Ricardo's car rental offers five different types of vehicles, compact cars (CC), midsize cars (MC), sport utility vehicles (SUV), vans (V), and luxury cars (L).

Historically, if a random individual comes to rent a vehicle, the following probabilities apply:

P(CC) = 0.16

P(MC) = 0.38

P(SUV) = 0.12

P(V) = 0.24

1. Find the probability that an individual would rent a sport utility vehicle (SUV) or a van (V). Show your answer as a decimal. Do not show the answer as a probability.

2. Find the probability that an individual does not rent a midsize car (MC). Show your answer as a decimal; do not show your answer as a percent.

3. Consider the next three individuals who rent cars. (Assume they come in randomly and do not know each other.) Find the probability that none of the three rents a midsize car (MC). Show your results as a decimal rounded to six decimal places; do not show your answer as a percent.

4. Consider the next three individuals who rent cars. (Assume they come in randomly and do not know each other.) Find the probability that at least one of the three individuals would rents a compact car (CC). Show your answer to 6 decimal places. Do not show the answer as a percent.

5. Two people arrive to rent cars. What is the probability that neither person rents a sport utility van (SUV)? Show your answer as a decimal with four decimal places; do not show your answer as a percent.

I am lost on how to find the answer to these questions...

Probabilities only add to .90. Is the remaining .10 people who decided not to rent, or do you have a typo?

1. Either-or probabilities are found by adding the individual probabilities.

2. .16 + .12 + .24 = ?

3. If the events are independent, the probability of both/all events occurring is determined by multiplying the probabilities of the individual events.

(answer to 2)^3 = ?

4. At least one = one, two or all rent CC. Use principles above.

5. Use principles above.

No typo, that is how the question reads.

Can you check my answers?

1. 0.54
2. 0.52
3. 0.140608
4. 0.405224
5. 0.4746

1. SUV = .12, V = .24.

.12 + .24 ≠ .54

2. right

3. right, however, there is a problem with the missing .10. If it is included, it would be (1-.38)^3. = .62^3 = .388244

4. .16 + .16^2 + .16^3 = .238328

5. again to include the .10, (1-.12)^2 = .88^2 = .7744

To find the answers to these questions, we need to use the probabilities given for each type of vehicle.

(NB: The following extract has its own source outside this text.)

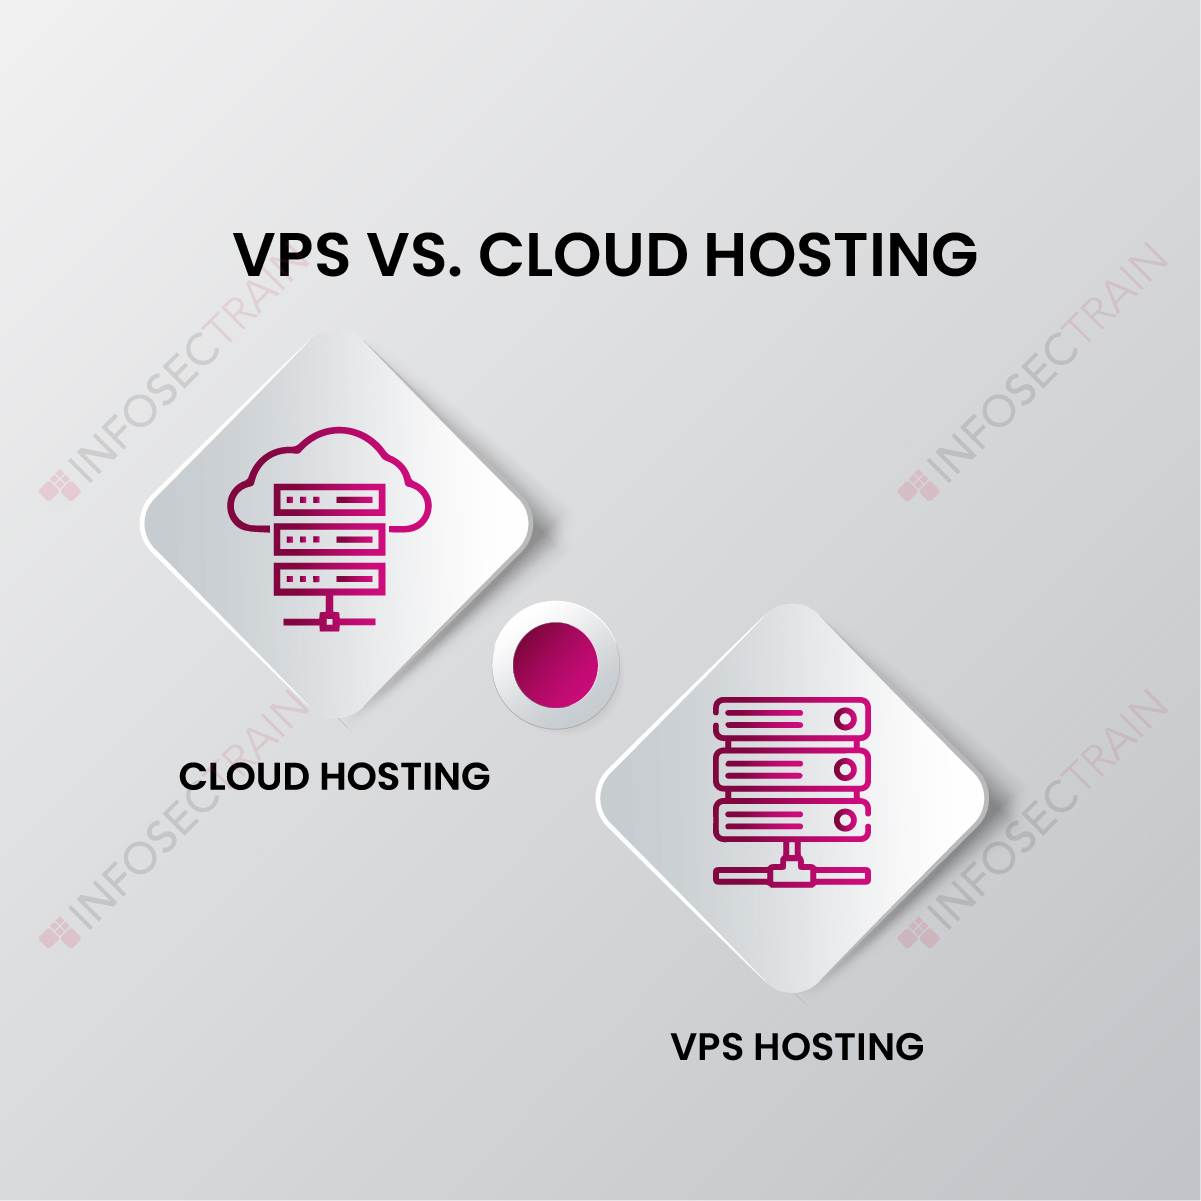 VPS vs. Cloud Hosting

Let's go through each question step by step:

1. To find the probability that an individual would rent a sport utility vehicle (SUV) or a van (V), we need to add the probabilities of renting an SUV and a van together.

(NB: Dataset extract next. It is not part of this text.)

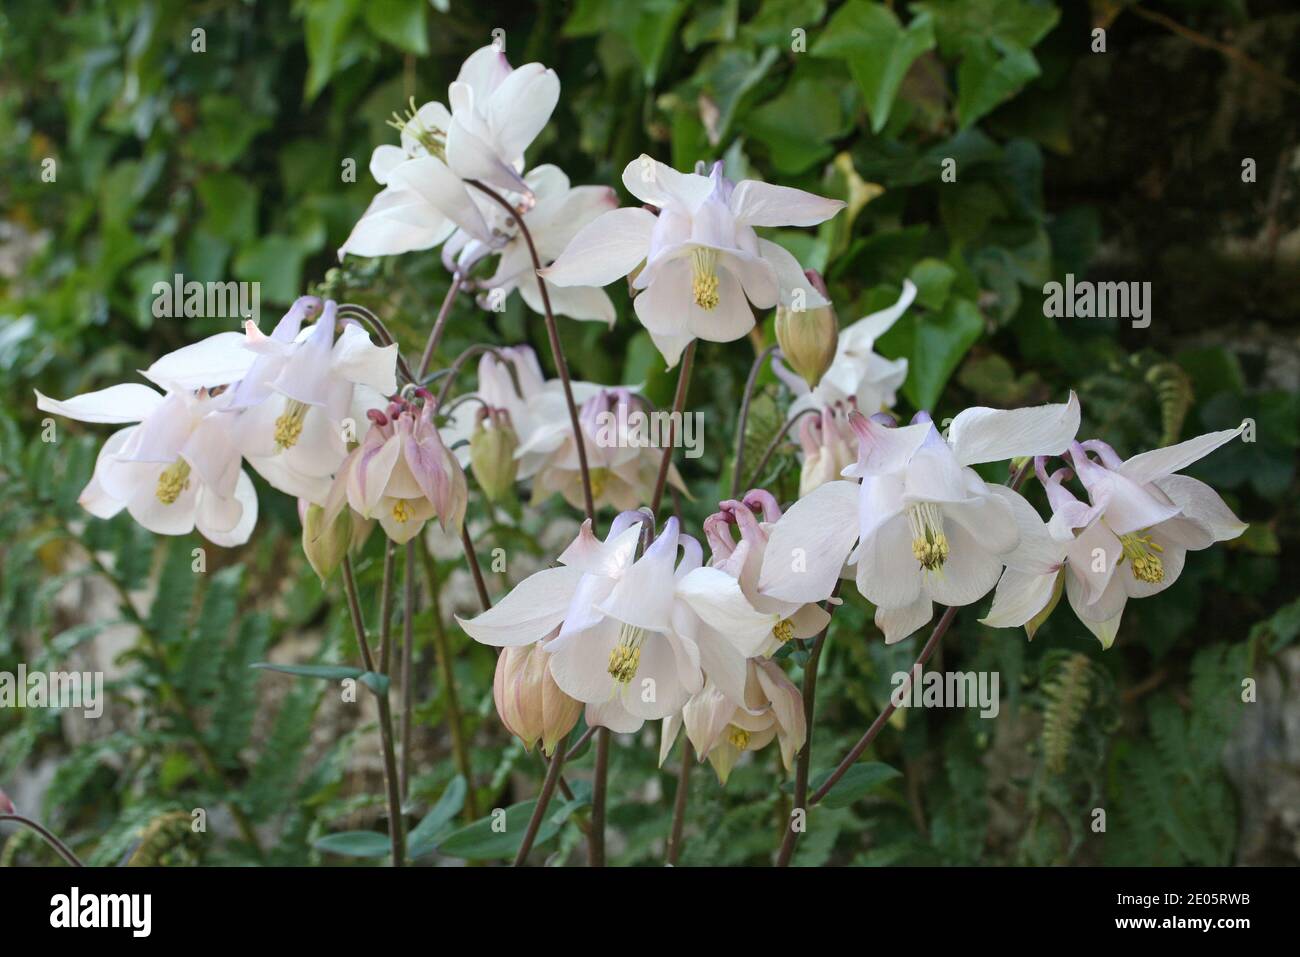 White Flowers of Granny's Bonnets a.k.a. Columbine - Aquilegia Stock Photo

P(SUV or V) = P(SUV) + P(V) = 0.12 + 0.24 = 0.36

Therefore, the probability is 0.36.

2. To find the probability that an individual does not rent a midsize car (MC), we have to subtract the probability of renting a midsize car from 1 (since the sum of all probabilities should equal 1).

P(not MC) = 1 - P(MC) = 1 - 0.38 = 0.62

Therefore, the probability is 0.62.

3. To find the probability that none of the three individuals rents a midsize car (MC), we need to multiply the probabilities of each individual not renting a midsize car.

P(none MC) = P(not MC) x P(not MC) x P(not MC) = 0.62 x 0.62 x 0.62 ≈ 0.238328

Therefore, the probability is approximately 0.238328.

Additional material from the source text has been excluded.